The Honey Tangle, finally released by PolyGram this fall, is a gently interlaced flurry of mesmerizing guitars, girlishly ethereal vocals (re: The Bangles), and rolling rhythms that are finessed with subtlety and sinew. In other words, it's psychedelic pop that reminisces about the '60s just as it beckons the '90s. Appropriately, Smith has assembled an aesthetically interesting band with sage-like prescience -- drummer Clem Burke (formerly of Blondle), bassist James Eller (Pretenders, Julian Cope; Nick Lowe), guitarist Craig Gannon (The Smiths, Aztec Camera, The Fall) and producer and keyboardist Craig Leon (Ramones, Roches, Blondie). Singing gorgeous backing harmonics is Austin, Texas' 60s vocal veteran Cartha Webb (sic), formerly of Bubble Puppy, The Mamas and The Papas, The Children, 13th Floor Elevators, and even The Carpenters.
"I think the music on The Honey Tangle is a sticky little web of sound, and once you start listening I think you'll get trapped in it. It's definitely pop music, but it's pop music with substance and feeling," says Smith.
"This music comes out of me naturally -- it's not calculated or contrived in any wa. I take my inspiration from the '60s but I've definitely made a '90s record. I try to write as beautifully as possible without getting corny, but then again, my lyrics come from deep within. I take my visual inspirations from nature, and as a result, the imagery that I use to convey my emotions is often times environmental in its focus."
It seems her new boyfriend, world renowned virtuoso violinist Nigel Kennedy, has had some influence on her as well. On "Sad," Smith expresses her melancholia by utilizing a sterling string section, composed by pianist/arranger Van Dyke Parks.
Similarly, the carousel-like whirl of 'Tiffany Tuesday" is infused with a confessional catharticism, an autobiographical giggle, if you will. "That song is a self-portrait," she explains. "After I did that T.V. thing out in L.A., I went to my hairdresser and had all my hair cut off -- down to shoulder length. And I had it dyed black underneath and white on top. Then, I flew to Germany to see a friend of mine. She looked at me and said, 'My god, you know who you look like? Tiffany Tuesday!' I don't know if that name rings a bell for you, but in the late '60s there was a Barble Doll with the name Tiffany Tuesday. The doll had black and white hair, sort of. By twisting her scalp you could make her a brunette one day and a blonde the next. I was like, 'Oh my god, I do look like her!' So I decided to write this sort of tongue-in-cheek song about being able to laugh at yourself and your mistakes and yet still being able to like yourself.

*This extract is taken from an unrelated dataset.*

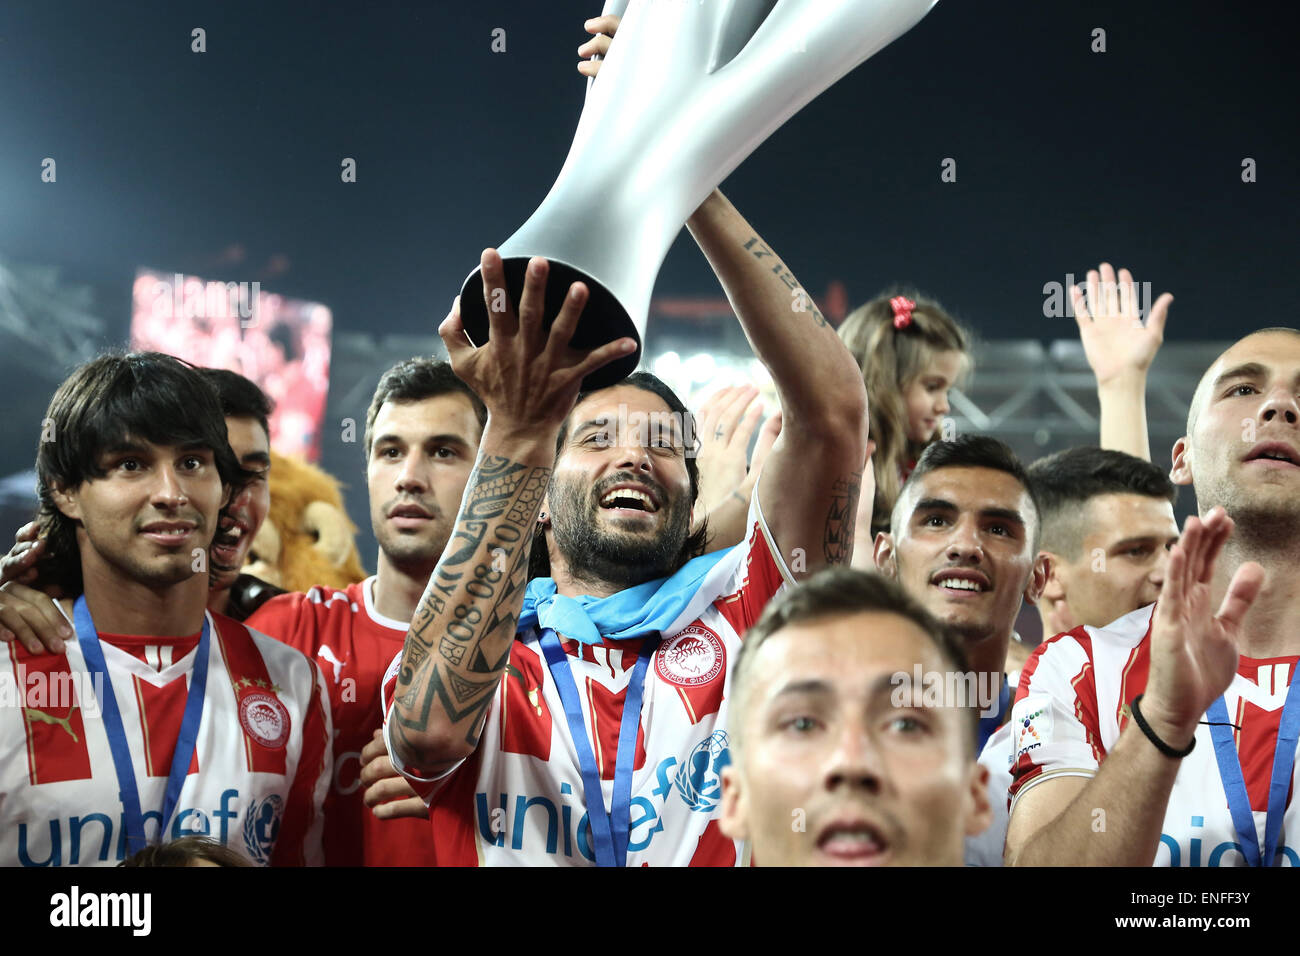 Athens, Greece. 03rd May, 2015. Award ceremony for winning the 42nd championship by Olympiacos FC. This year is the 17th title in the last 19 years. At Faliro, near Athens on Sunday. © Panayiotis Tzamaros/Pacific Press/Alamy Live News Stock Photo

"If there was one theme on this album it would be that life can be really hard and horrible," she continues, "and at times it can seem like the obstacles to happiness are insurmountable. But if you keep at it and persevere, you can get through it. I'm not trying to be overly simplistic and say happiness is something that's easy to attain--it's not. I'm just saying, from personal experience, 'Don't give up.'"
Wise advice from a sharp, secure woman who nonetheless continues to struggle within the "adult net" -- life.